Quality control DNA library

To assess the quality of Illumina reads FastQC ( was performed on all raw data. Trimmomatic v0.3680 was was not able to identify any significant adaptor sequence contamination within the raw data. The data were mapped to the PhiX control library (Illumina, Inc) using Bowtie2 v2.3.481 and no matches were found.

Sequencing depth assessment

We used jellyfish 2.2. 1082 on the raw read data using kmer size of 17 bp. This resulted in a depth of sequencing histogram (Fig. 1) showing sequencing depth peak of around 76x. Using the kmer depth curve and the cumulative read depth (Fig. 1), repetitiveness, and heterozygosity was conducted independent of the genome assemblies (see Tables 2 and 3). The genome was estimated to be around 2.4 Gb in length with a relatively high heterozygosity rate (>1.1%) and large repetitiveness (>50%).

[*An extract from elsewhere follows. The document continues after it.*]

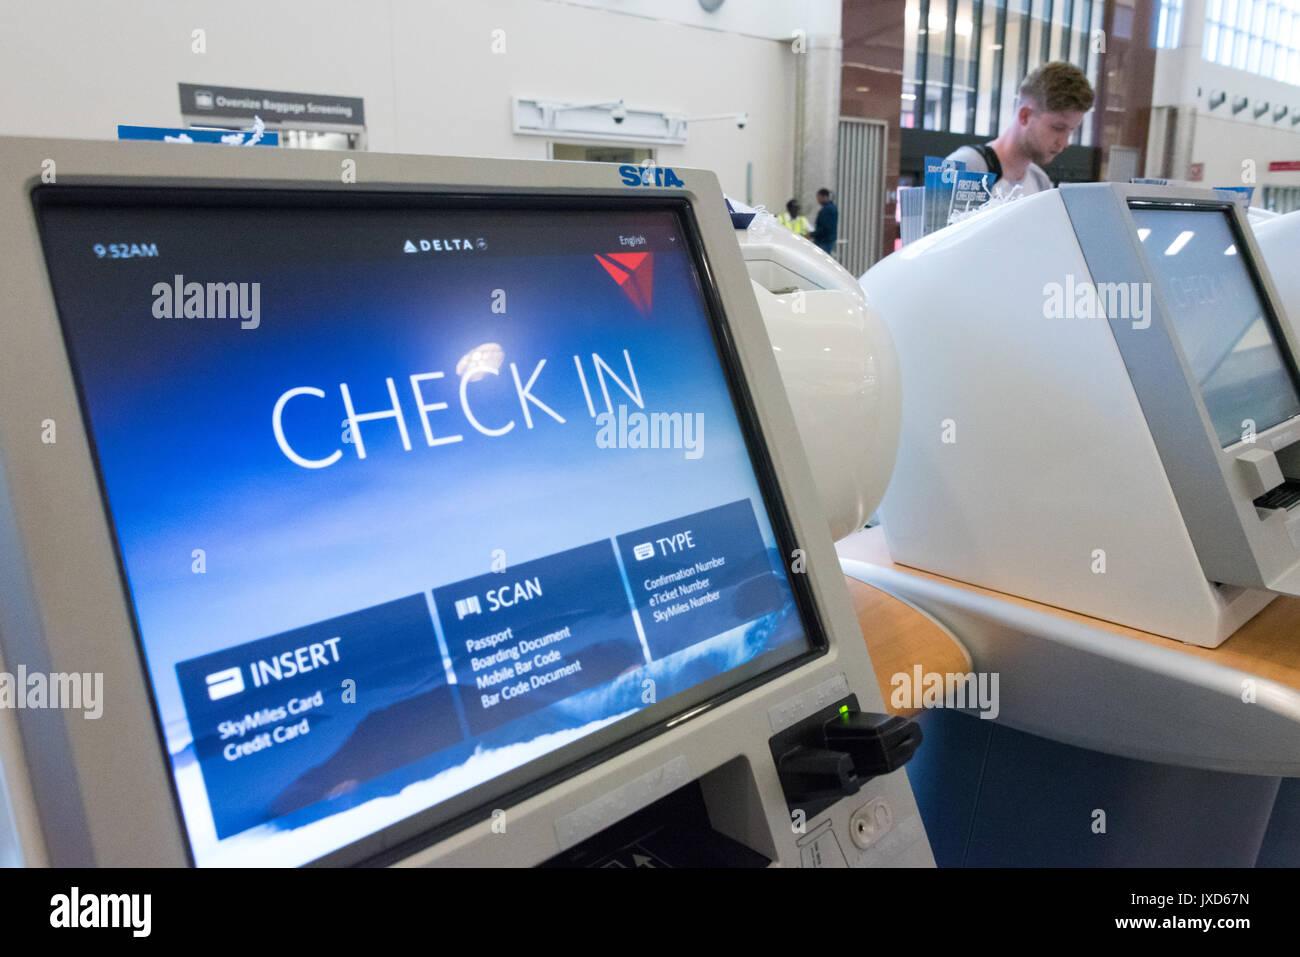 Delta Air Lines Check In kiosks at Hartsfield-Jackson Atlanta International Airport in Atlanta, Georgia, USA. - Stock Image

Genome properties and future steps

To gain information on the genetic distance between the two closely related species O. vulgaris and O. bimaculoides, we mapped all the available raw sequence data from O. vulgaris against the genome of O. bimaculoides83 and found that 74–84% of the data aligned, but that a high percentage (20–50%) was able to align multiple times. The significant proportion of multiple mapping reads suggests that, similar to the O. bimaculoides genome, O. vulgaris genome has a large number (at least 50%) of repetitive elements, confirmed by the cumulative read depth analysis (Fig. 1). Ab initio repeat analysis using dnaPipeTE84 revealed similar classes of octopus specific short interspersed nuclear elements (SINE) to be over-represented (Fig. 2), yet the proportions were strikingly different, despite the close phylogenetic distance. This indicates high activity of repetitive elements in the common octopus genome.

Fig. 2

Proportions of the most abundant repetitive element classes in Octopus vulgaris compared to Octopus bimaculoides based on the ab initio reconstruction of repetitive elements using the DNAPipeTE pipeline. (a) Repeat propotions in the Octopus vulgaris genome. (b) Repeat propotions in the Octopus bimaculoides genome. In both genomes, SINE elements are the most abundant repeat classes. While the total number of repeats is similar in both genomes, differences in the proportions can be attributed to individual expansions of repeat elements that occurred independently in both lineages.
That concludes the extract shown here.